Ramin, renamed Human Heart in the United States, is the debut studio album from Iranian-born Canadian actor and singer Ramin Karimloo. It was released in the UK on April 9, 2012.

==Background==
Karimloo released his album in the UK on April 9, 2012 after several months of promotion. He ended his West End run as Jean Valjean on the week preceding the album's release in order to prepare for a series of signings and further promotion before embarking on a major tour which will take him to venues in London, Oxford, Southend, Manchester, Nottingham, Birmingham, Gateshead, and Cardiff in the UK and New York, Charlotte, Atlanta, Philadelphia, Washington, Bethlehem, Chicago, and Pittsburgh in the US. He is also visiting Toronto in his native Canada.

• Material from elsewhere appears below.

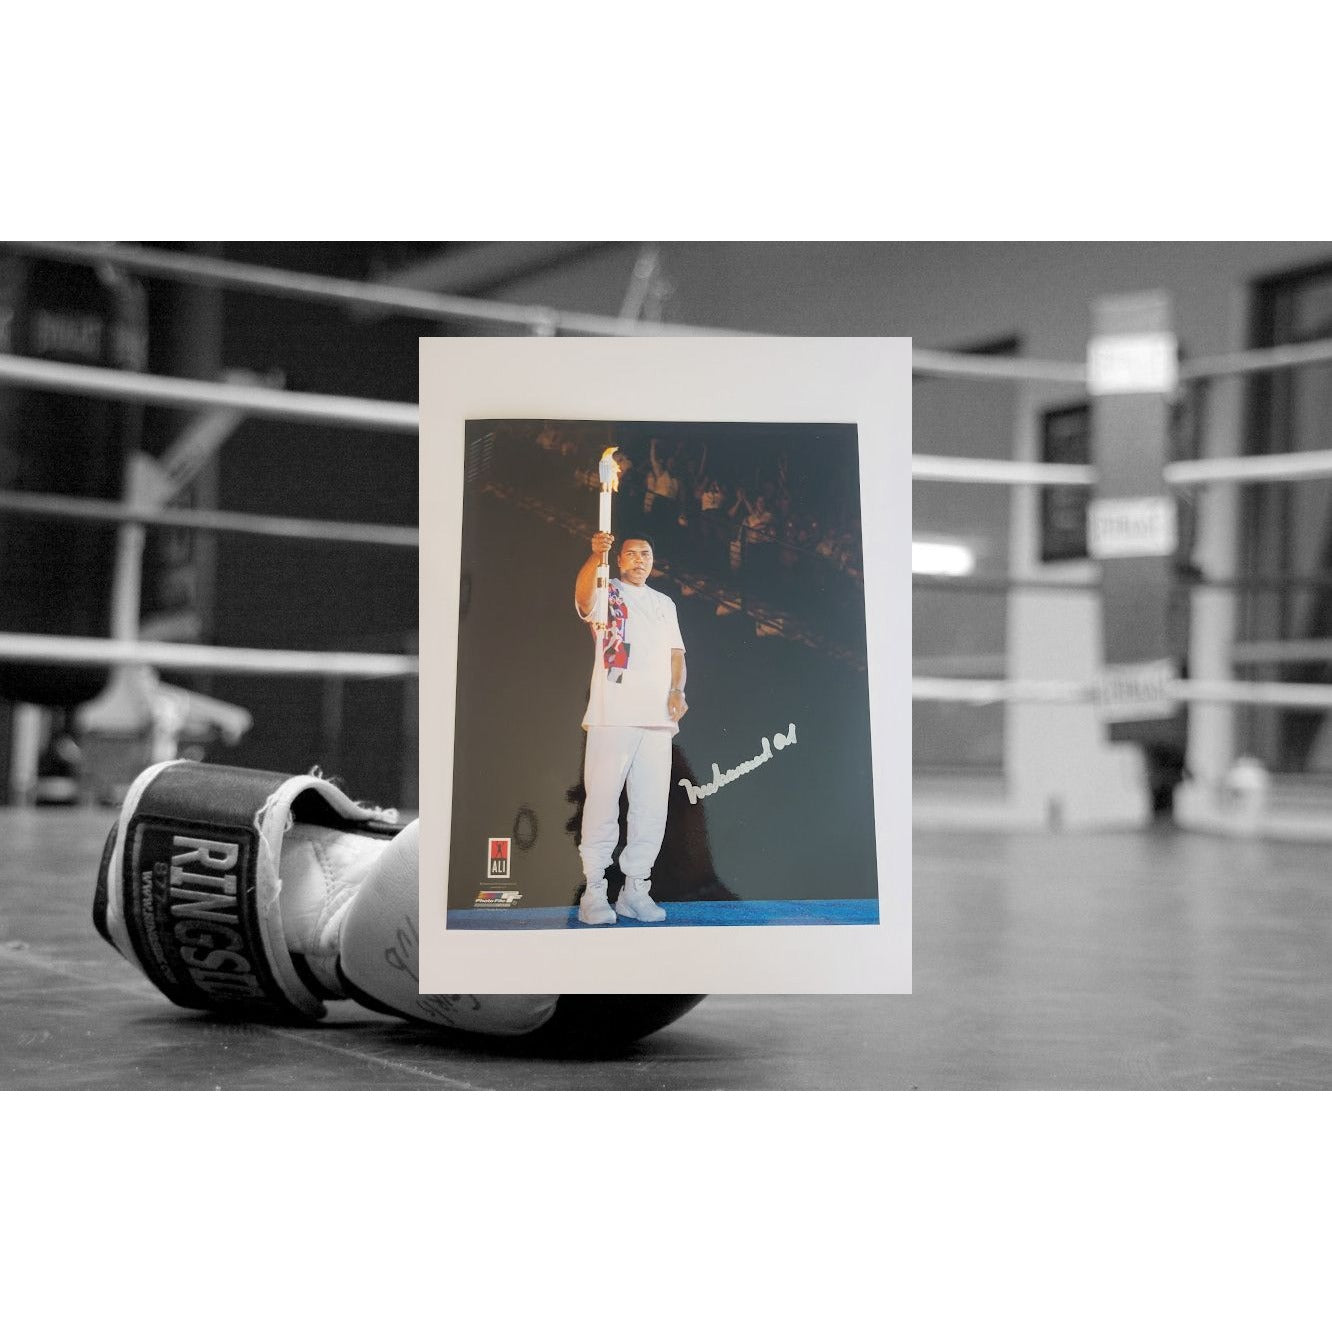 Muhammad Ali holding the Olympic torch 8 x 10 photo signed with proof
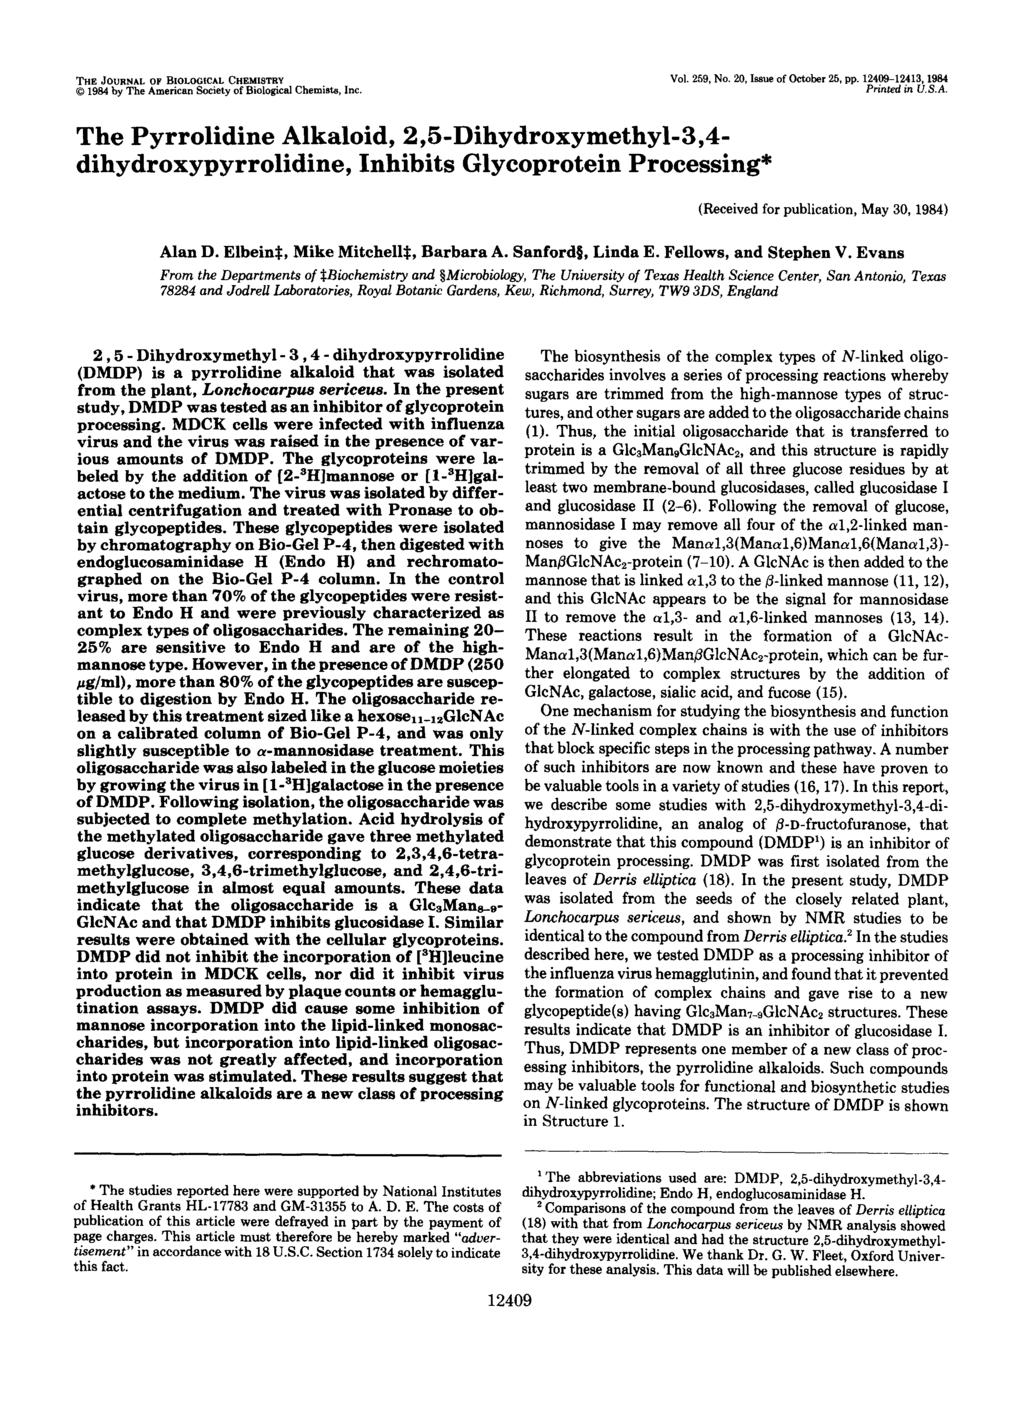 THE JOURNAL OF BIOLOGICAL CHEMISTRY 0 1984 by The American Society of Biological Chemists, Inc. Vol. 259, No. Issue of October 25, pp. 12409-12413 1984 Printed in I~.s.A. The Pyrrolidine Alkaloid, 2,5-Dihydroxymethyl-3,4- dihydroxypyrrolidine, Inhibits Glycoprotein Processing* (Received for publication, May 30, 1984) Alan D.

Karimloo said in anticipation of the album: "I have a huge love for country and bluegrass, I love rock 'n' roll and I love what I'm doing, so it was how to balance all that". He went on to say, "I didn't want to be just a theatre star putting out an album. It was only when they started talking about writing and bringing in other writers that I got interested. I wanted to have lived the songs. I wanted an album that was like a diary." He has cited influences as diverse as The Tragically Hip, Johnny Cash and Mumford and Sons, and so a straightforward West End leading man album of covers was never really on the cards, says Karimloo, "I wanted to marry that rocky sound with things that people know me more for". The album was produced by Tom Nichols, who has worked with world-class vocalists from Céline Dion to Hayley Westenra. It includes not only his own compositions but also covers of Bryan Adams and Muse songs, having as well his own take on "Music of the Night" from The Phantom of the Opera and "'Til I Hear You Sing" from Love Never Dies.

==Promotion==
Karimloo promoted the album on QVC. He performed "Music of the Night" and "Coming Home". He also performed the song "Constant Angel" on the BBC show Songs of Praise.

==Track listing==

| No. | Title | Length |
|---|---|---|
| 1. | "Show Me Light" | 4:06 |
| 2. | "Coming Home" | 4:56 |
| 3. | "Music of the Night" | 4:17 |
| 4. | "Broken Home" | 3:43 |
| 5. | "Guiding Light" | 4:04 |
| 6. | "Song of the Human Heart" | 5:45 |
| 7. | "Constant Angel" | 3:54 |
| 8. | "'Til I Hear You Sing" | 4:02 |
| 9. | "Eyes of a Child" | 3:20 |
| 10. | "Inside My World" | 3:44 |
| 11. | "Everything I Do (I Do It for You)" | 3:49 |
| 12. | "Cathedrals" | 4:06 |

==Chart performance==
On April 11, 2012 his album was on course to debut at number sixteen on the UK Albums Chart.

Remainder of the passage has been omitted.